The total light transmittance (TLT) and haze values were measured using a haze meter (NDH5000, Nippon Denshoku Ind. Co., Ltd, Japan). The transmittance at 200–800 nm was estimated using a UV-vis spectrophotometer (U-2910, Hitachi High-Technologies, Co., Japan). The average UVA and UVB transmittances were estimated within the 315–400 and 290–315 nm ranges, respectively, according to AS/NZS4399.

2.6 Measurement of thermal properties

The flame retardance was estimated using the vertical burning test according to the UL-94 vertical method following the ISO 1210 protocol.

3 Results and discussion

3.1 Control of the gas permeability of the films from natural clay and lignin

A previous study reported that water-dispersed mixtures of clay and SESC lignin provide transparent films that have a UV protective and noncombustible nature (later denoted as clay–lignin film) after drying.²² The self-standing clay–lignin films consisting of natural clay (MMT) and SESC lignin have two separated phases. As shown in Fig. 1, these phases in the clay–lignin film mainly consist of carbon or silicon atoms. Thus, SESC lignin and MMT in the clay–lignin film showed phase separation. The SESC lignin did not intercalate into the MMT interlayers,²² which induces clear phase separation of SESC lignin and MMT.

Fig. 1 Typical transmission electron microscopy (TEM) image (left), silicon mapping (middle), carbon mapping (right) of clay–lignin film consisting of MMT and SESC lignin (MMT : SESC lignin = 8 : 2 w/w%). The carbon- and silicon-rich region consisted mainly of SESC lignin and MMT, respectively.

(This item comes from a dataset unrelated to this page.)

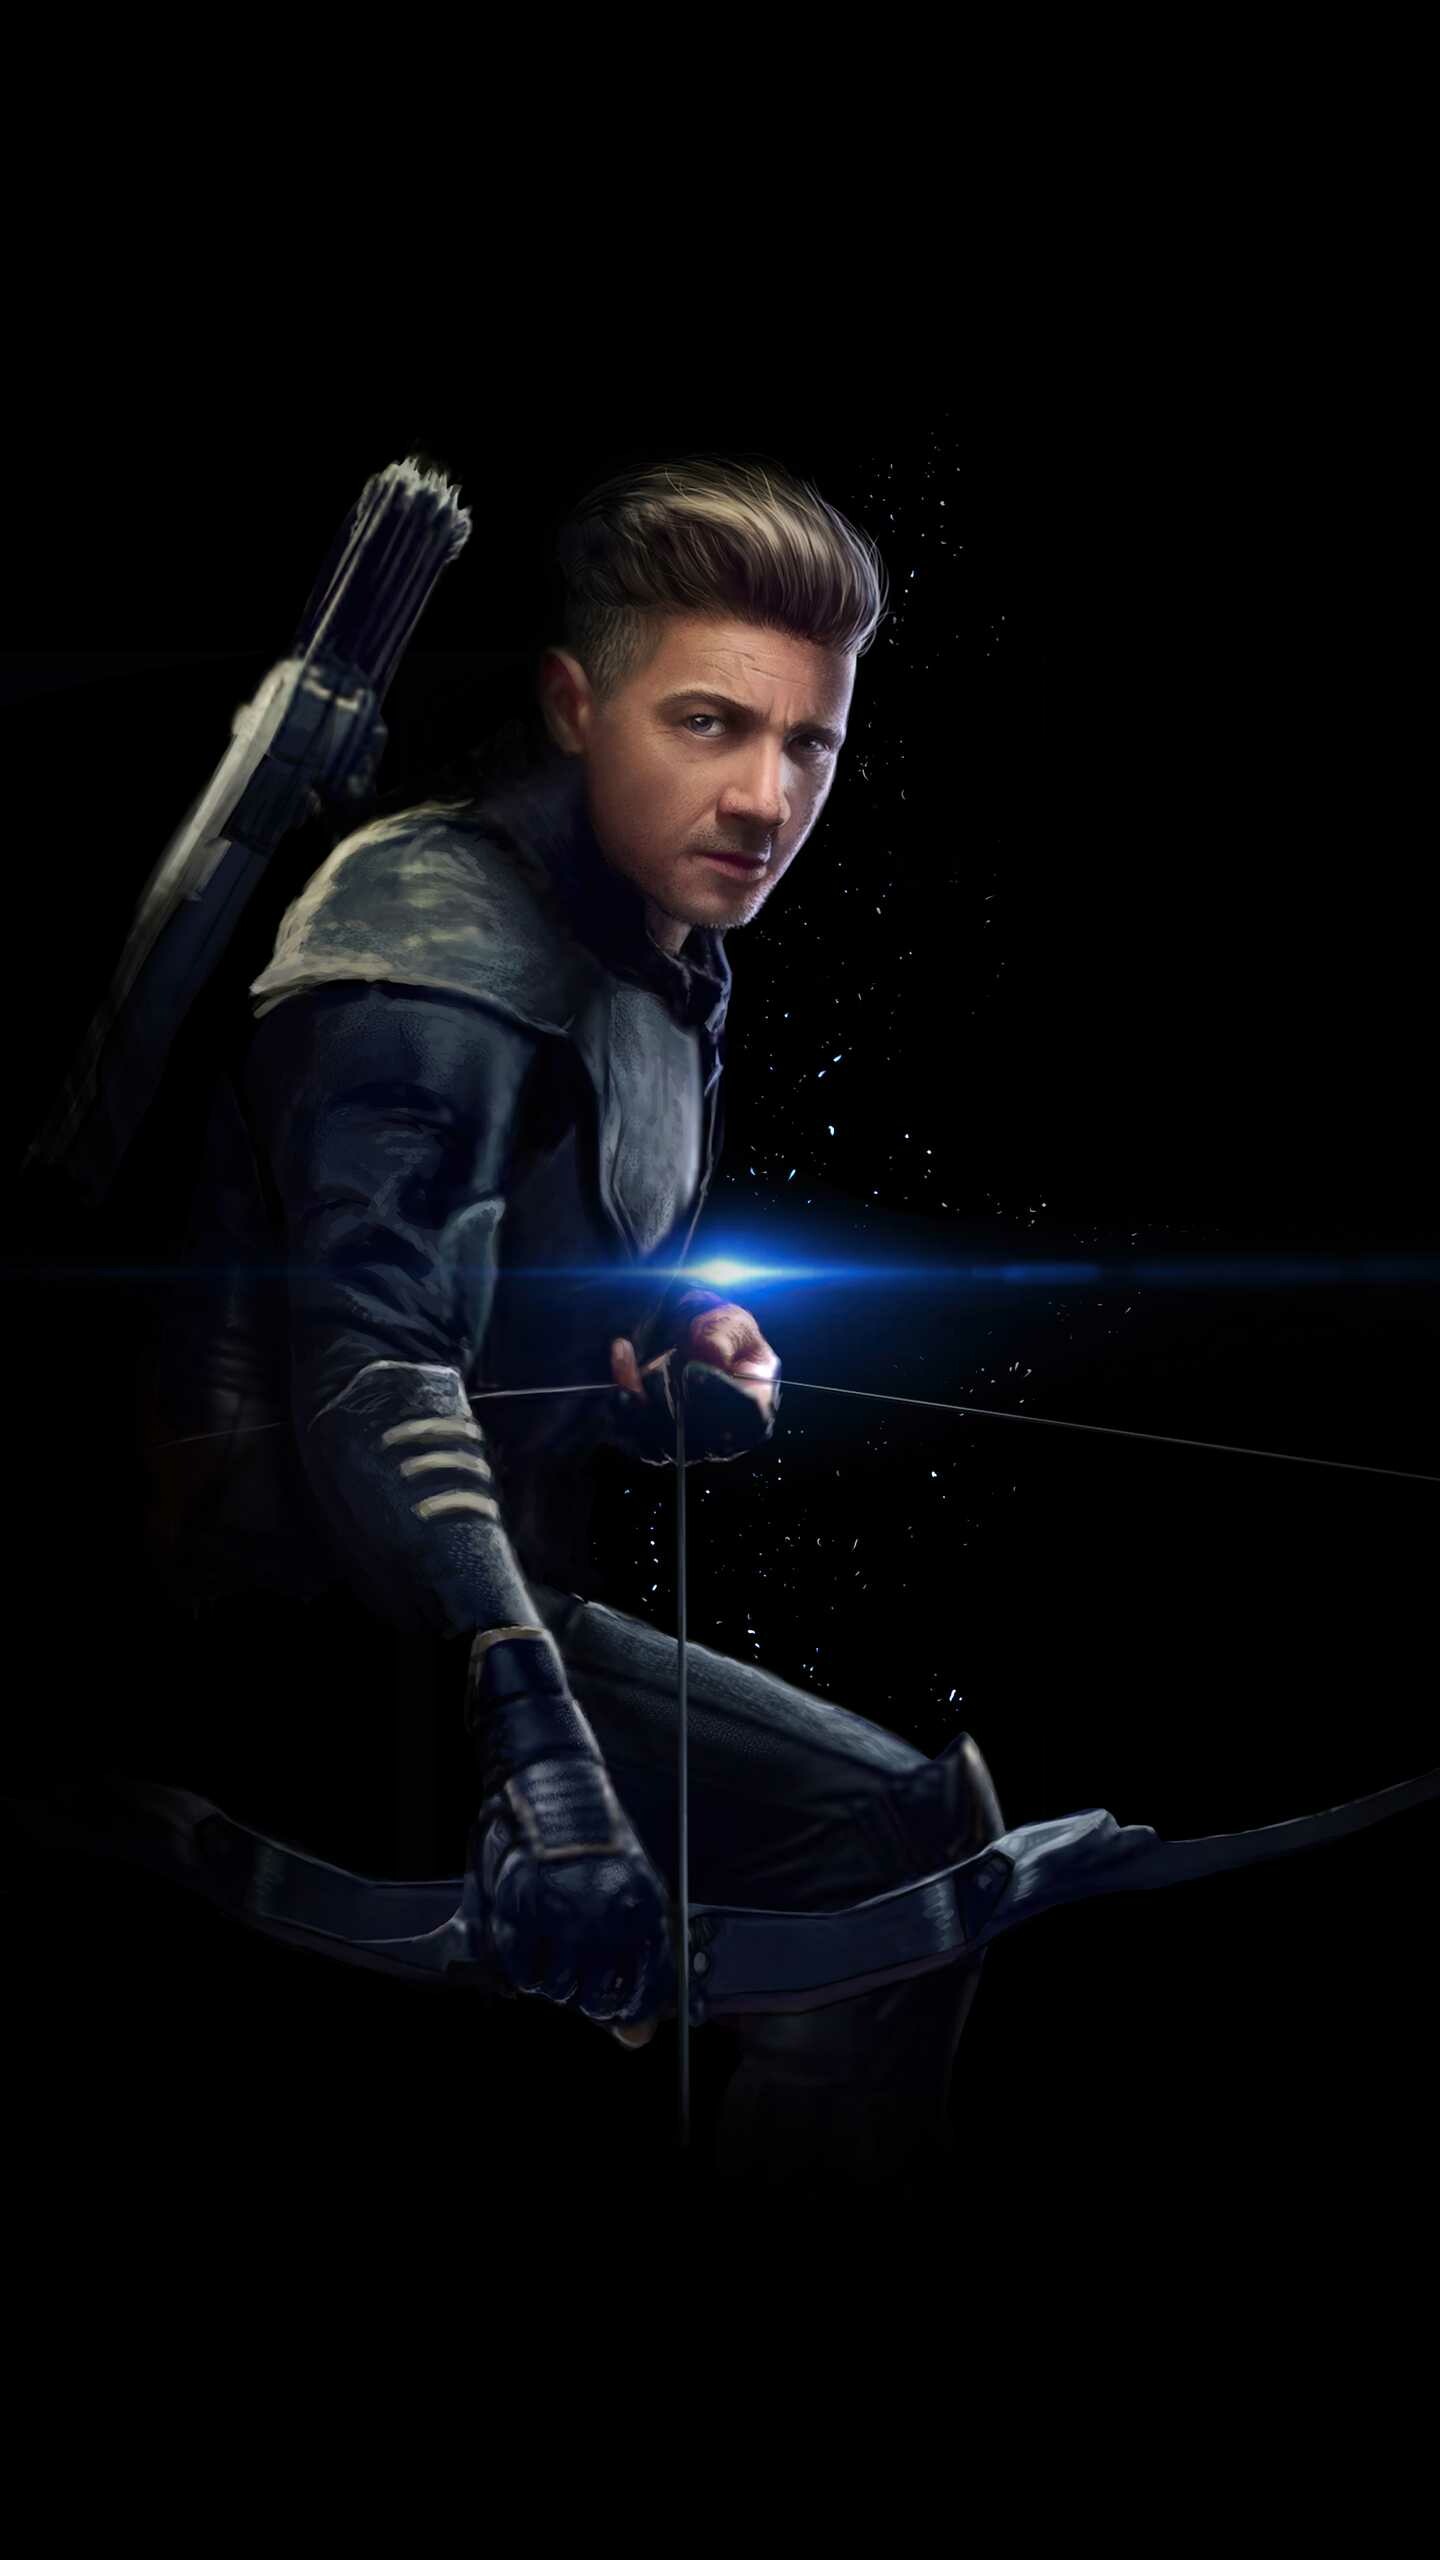 Hawkeye: Ranked at №44 on IGN's Top 100 Comic Book Heroes list. 1440x2560 HD Background.

The SESC lignin-rich phases (a carbon-rich region in Fig. 1) have a porous structure (Fig. 2a), and the SESC lignin never intercalated into MMT interlayers (Fig. S1†) that induce the high gas/moisture transmittance nature of the clay–lignin films, i.e., the HTR and OTR of the clay–lignin film consisting of MMT and SESC lignin are 4.4 × 10⁻¹⁸ and 5.0 × 10⁻¹⁷ mol m m⁻² s⁻¹ Pa⁻¹.²² The gas permeability of clay–lignin films was controlled via their phase structure. A polyacrylate equipped with oxazoline groups (Epocros®) interacts with clay (via intercalation) and lignin derivatives (via covalent bonding between the oxazoline group of Epocros® and hydroxyl group of lignin) as reported elsewhere.⁷ Because of these characteristics, Epocros® simultaneously intercalated into the MMT interlayer (Fig. S1†) and crosslinked with SESC lignin (Fig. S2†). Therefore, the mixing of Epocros® in the clay–lignin films makes a uniform distribution of clay and lignin (Fig. 2b). By changing the phase structure and intercalation of polymer into the MMT interlayer, the HTR of the clay–lignin film decreased from 4.4 to 1.6 × 10⁻¹⁸ mol m m⁻² s⁻¹ Pa⁻¹. Thus, the gas permeability of the clay–lignin film can be tuned by its structural change. The light transmittance and turbidity of the clay–lignin films were never changed by the addition of Epocros®, as shown in Table 1. The phase structure in the clay–lignin films did not affect their optical nature.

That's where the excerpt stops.